After sitting in my grandpa's garage for a long time, the old relic sat in my mom's garage for yet another 16 or 17 years.  When I opened it up that long ago, it seemed impossible to have been the exact same machine I played all those games on -- after all, it wasn't that long ago back then that I was playing them, and yet this machine was pretty well stripped down and even seemed to be a different color than I remembered.  I didn't even feel confident in turning it on, so I left it alone until two days after visiting EDS, when Mom was able to dig it up from her garage.  After acquiring it, I started reading up on the machine and trying to learn its capabilities and what would make it tick.  Many sources pointed to a book called Upgrading & Repairing PCs, of which I have several editions at Mom's house (including the original edition), so the next day, I met her to get that original edition.  By then, I had about four different ways to confirm some important information:
  • The BIOS on the system is the 3rd iteration BIOS from 10/27/1982 (the most bug-free of them all, but still not great).
  • The system needs expansion cards to do anything useful, such as display video or read from a floppy.
  • The power supply in this particular machine is not stock, and that is a good thing.  The original PSU was very noisy yet only about 40% as powerful as the one provided to me.

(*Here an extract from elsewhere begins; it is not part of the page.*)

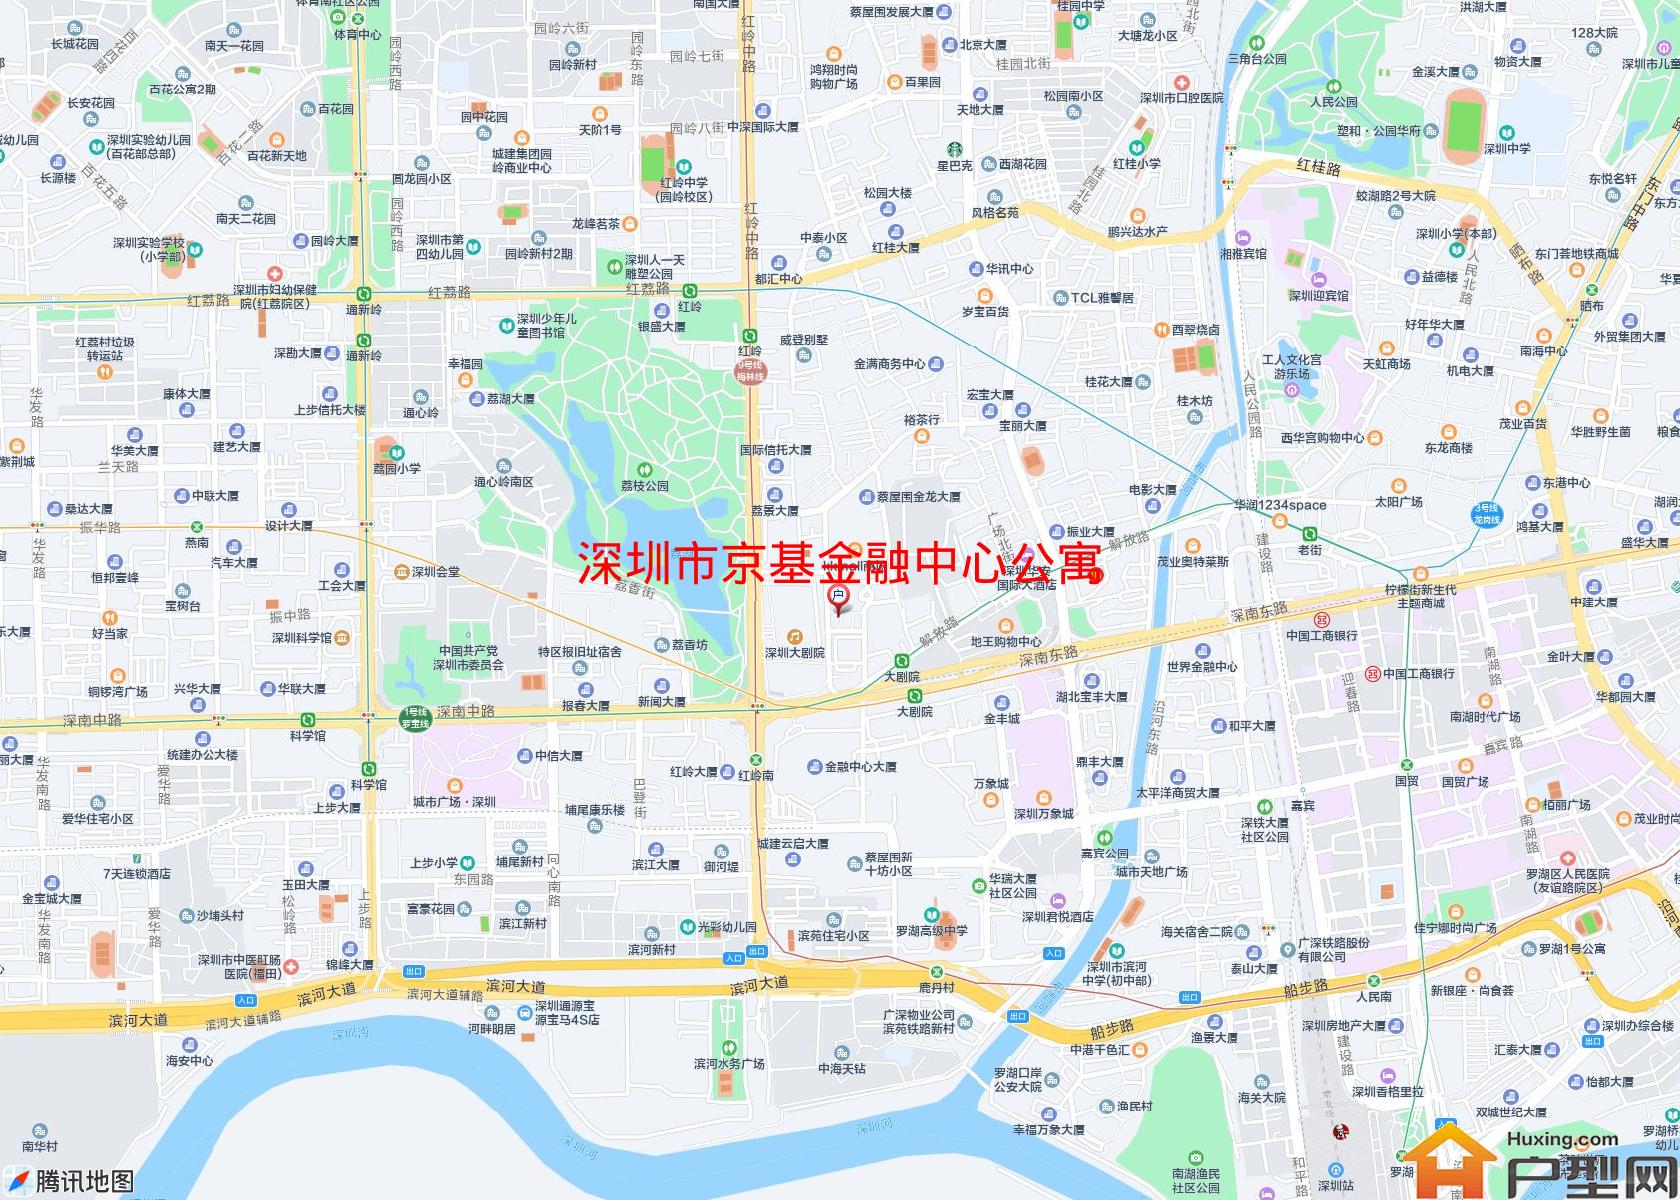 京基金融中心公寓小区 - 户型网

The first thing a circuit-savvy individual might wish to do upon receiving an ancient circuit, especially one that has been sitting in Texas garages for most of its life, is to replace any electrolytic capacitors.  We did this on our Gold Wings pinball machine from 1986, and along with other electronic modifications, it now runs like a champ.  Electrolytic capacitors tend to dry up over time due to either low-quality manufacturing or heat stresses on their bodies which will crack the dielectric, let in moisture, and introduce "gremlins" (odd phenomena you can't explain or is hard to troubleshoot when using an electronic device).  There are 16 electrolytic capacitors inside the power supply, but thankfullly, none on the motherboard.  After making careful notes detailing capacitance, voltage, and placement, I sent +DoesItPew to Tanner Electronics in Carrollton to obtain the needed capacitors for the PSU as well as for the two 360K 5.25" full-height floppy disk drives (which I'll get to restoring later).  I spent two or three hours removing and replacing these capacitors, and just after midnight, began putting it back together and eventually tested it on an early SATA hard drive that still had a 4-pin Molex connection for power.  It fired right up like a champ, and the voltages coming out of other Molex connectors appeared to be correct!  Obviously, the capacitor replacement worked (ultimately I'm not sure if it was totally necessary, but for the purposes of doing a good job on a long-lasting restoration, electrolytic capacitors should get replaced).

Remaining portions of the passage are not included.